Но я никогда не мог вовремя уловить, что мне надо сделать для Фрэнни; как говорит Фрэнни: «Я всегда была на год впереди тебя, мальчик».
Лилли спрятала свои подарки в небольшой коробке, все ее подарки были маленькими. Эгг ни для кого не готовил подарков, он бесконечно обыскивал отель «Нью-Гэмпшир» в поисках подарков, которые приготовили для него другие. А Фрэнк запихал Грустеца в чулан тренера Боба.
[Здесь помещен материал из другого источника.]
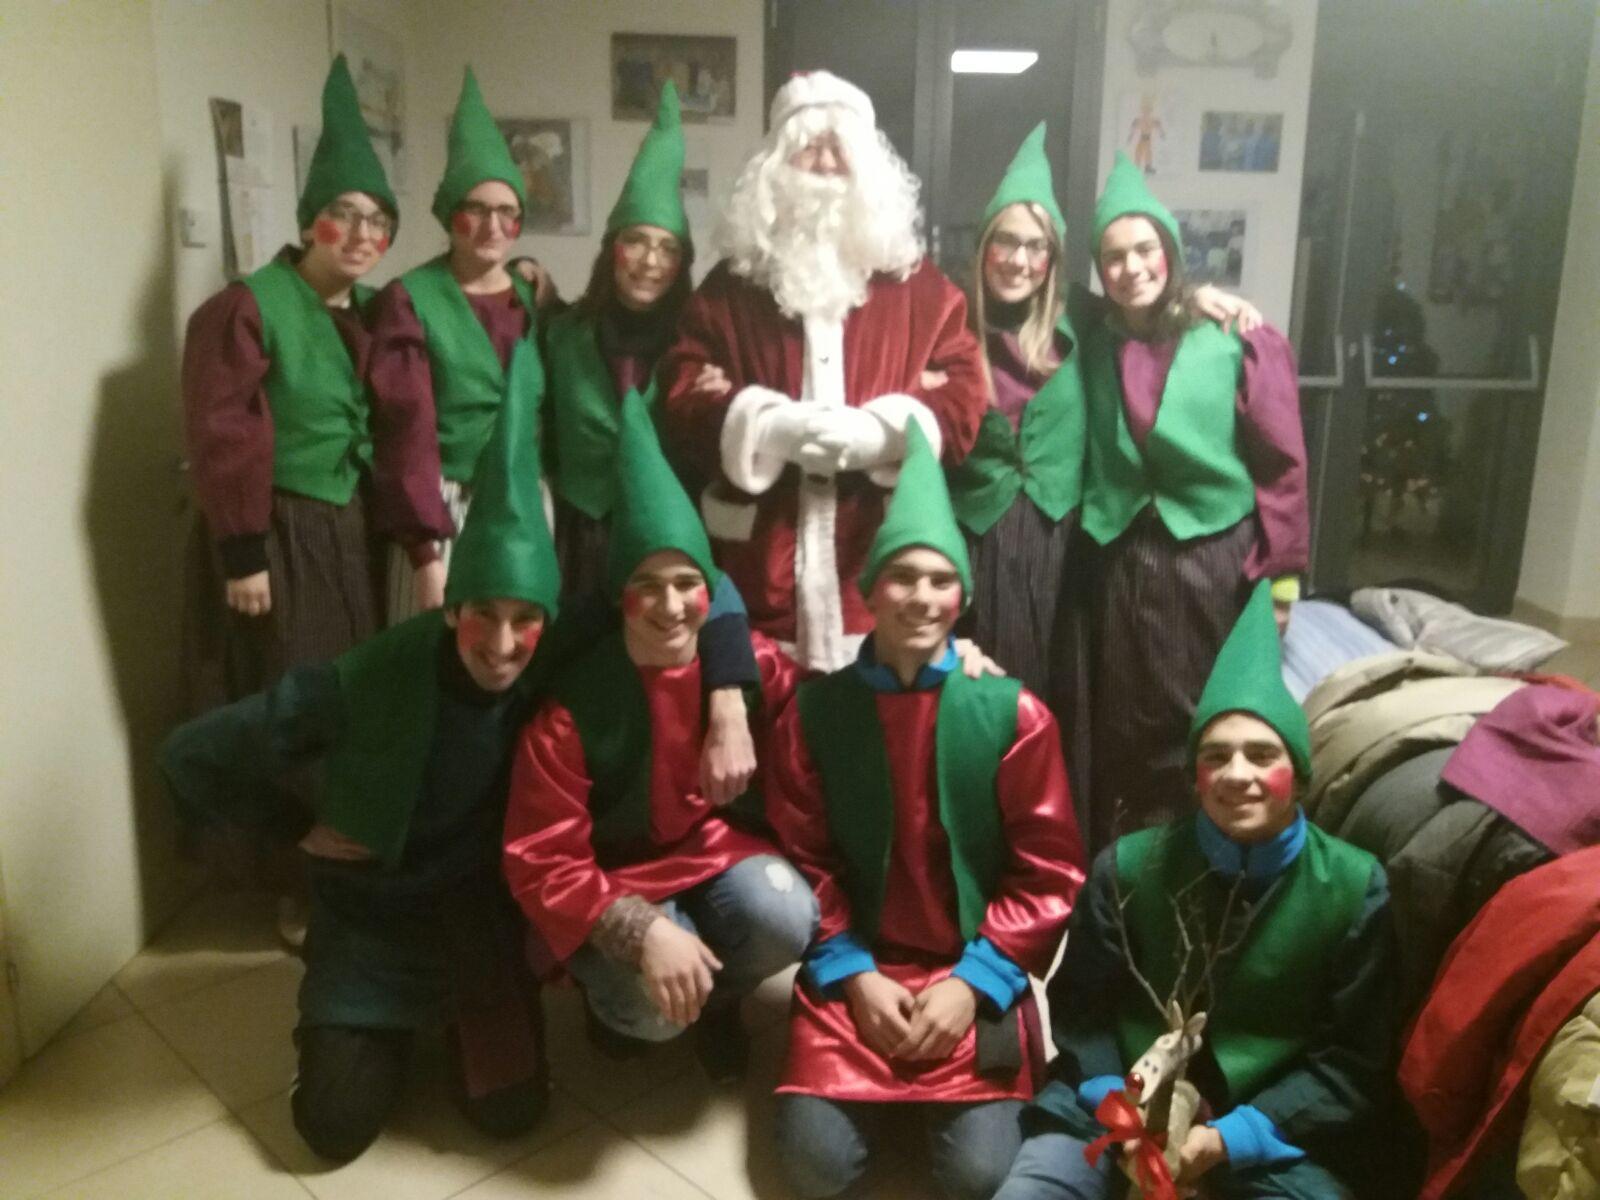 Babbo Natale E Gli Elfi.Babbo Natale E Gli Elfi Hanno Consegnato I Regali Richiesti Dai

— Зачем? — спрашивал и спрашивал я его позже.
— Ну, это же только на одну ночь, — оправдывался Фрэнк. — И я знал, что Фрэнни никогда туда не заглянет.
Накануне Рождества 1956 года все пошли спать довольно рано, и никто не спал — еще одна семейная традиция. Мы слышали, как в Элиот-парке под снегом нарастал лед. Временами Элиот-парк потрескивал, как только что опущенный в землю гроб, от смены температуры. Почему канун Рождества 1956 года казался немного похожим на Хэллоуин?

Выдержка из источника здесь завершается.